A class action lawsuit has been filed against G.Skill due to allegedly misleading advertised RAM speeds. The G. Skill Desktop Memory Products class action case—Hurd et al. v. G.Skill International et al., Case No. 2:22-cv-00685-SSS-MAR—was filed on January 31, 2022 in the United States District Court for the Central District of California.
Plaintiffs Tristan Hurd and Ken DiMicco claim G.Skill deceptively marketed DDR4 and DDR5 desktop memory speeds as achievable “out-of-the-box,” when higher performance required overclocking or BIOS adjustments. These G. Skill Desktop Memory Products legal claims include violations of consumer protection laws and breach of express warranty.
The case involved extensive discovery, expert testimony, and multiple mediation attempts before reaching a $2.4 million settlement in 2025 after roughly three years of litigation. The court granted preliminary approval in January 2026.
Class Counsel includes Dovel & Luner, LLP and Kneupper & Covey, PC. Eligible consumers are U.S. purchasers of covered G.Skill DDR4/DDR5 desktop memory products between January 31, 2018 and January 7, 2026.
The G. Skill Desktop Memory Products settlement update confirms a $2,400,000 fund resolving claims that RAM speeds were misleadingly advertised. In this G. Skill Desktop Memory Products lawsuit settlement amount, payments are distributed pro rata based on the number of valid claims and products purchased.
Under G. Skill Desktop Memory Products settlement eligibility, you may qualify if you purchased G.Skill DDR4 (over 2133 MHz) or DDR5 (over 4800 MHz) desktop memory in the United States between January 31, 2018 and January 7, 2026. No proof of purchase is required for up to five products per household.
As part of the settlement, G.Skill agreed to update product labeling and marketing to clarify that maximum speeds require overclocking or BIOS adjustments—making this a meaningful consumer transparency change.
To receive payment, you must submit a valid claim by April 7, 2026. Payments will be issued after final approval and depend on total participation.
The G. Skill Desktop Memory Products settlement amount per person depends on total claims and products purchased. Based on a $2.4M fund, claimants may receive $10–$100+ per household, with higher payouts for multiple products.
If you’re asking how much will I get from G. Skill Desktop Memory Products lawsuit, payments are pro rata and typically capped at five products without proof of purchase.
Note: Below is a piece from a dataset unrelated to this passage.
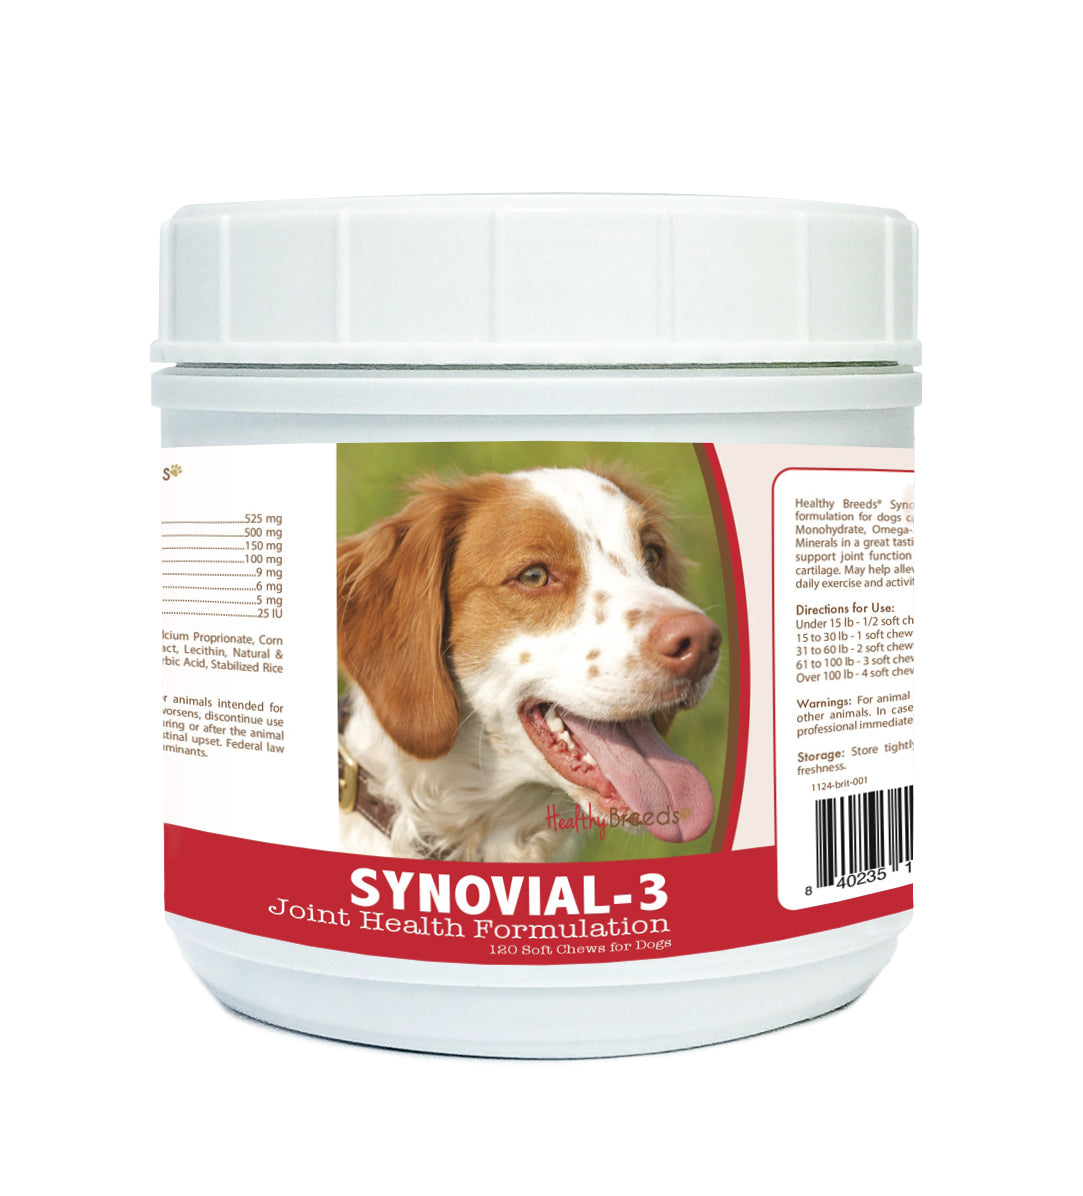 Brittany Synovial-3 Joint Health Formulation Soft Chews 120 Count

More claims = lower individual payouts.
The G. Skill Desktop Memory Products settlement payout date is expected ~45 days after final approval (currently scheduled June 5, 2026), meaning payments could begin summer–fall 2026.
Factors affecting payout include the number of valid claims submitted, the number of products claimed, how much proof of purchase (for >5 items), and administrative costs and fees.
There’s no fixed dollar cap on what you can receive, but the settlement limits claims to up to five products per household without proof of purchase, meaning your payout is based on a pro rata share of the $2.4M fund. In practice, this translates to a realistic range of roughly $10–$25 per product under typical participation levels, or about $50–$125 total without proof; if claim volume is unusually high, payouts could drop closer to $5–$10 per product (around $25–$50 total). Ultimately, your maximum payout without proof is simply the value assigned per product multiplied by five, with the final amount determined by how many valid claims are submitted overall.
The G. Skill Desktop Memory Products class action eligibility criteria are unusually broad and tied directly to how “rated speed” was defined in the case. Instead of requiring proof of performance issues, claimants only need to confirm purchase of qualifying DDR4 (>2133 MHz) or DDR5 (>4800 MHz) desktop memory in the U.S. between 2018–2026.
Unique aspects of eligibility include:
No—eligibility is based on how the product was advertised, not whether you actually overclocked it.
“Rated speed” includes any advertised performance metric, such as MHz, effective speed, or data transfer rate.
Yes, as long as you purchased a qualifying product during the eligibility period.
No, only desktop (non-laptop) DDR4 and DDR5 memory products are covered.
No, claims are limited per household, not per individual.
Your claim may be reduced or require documentation before approval.
Yes—digital payments (PayPal, Venmo, Zelle) are typically faster than mailed checks.
The court approved a streamlined process to increase participation while using fraud checks to prevent abuse.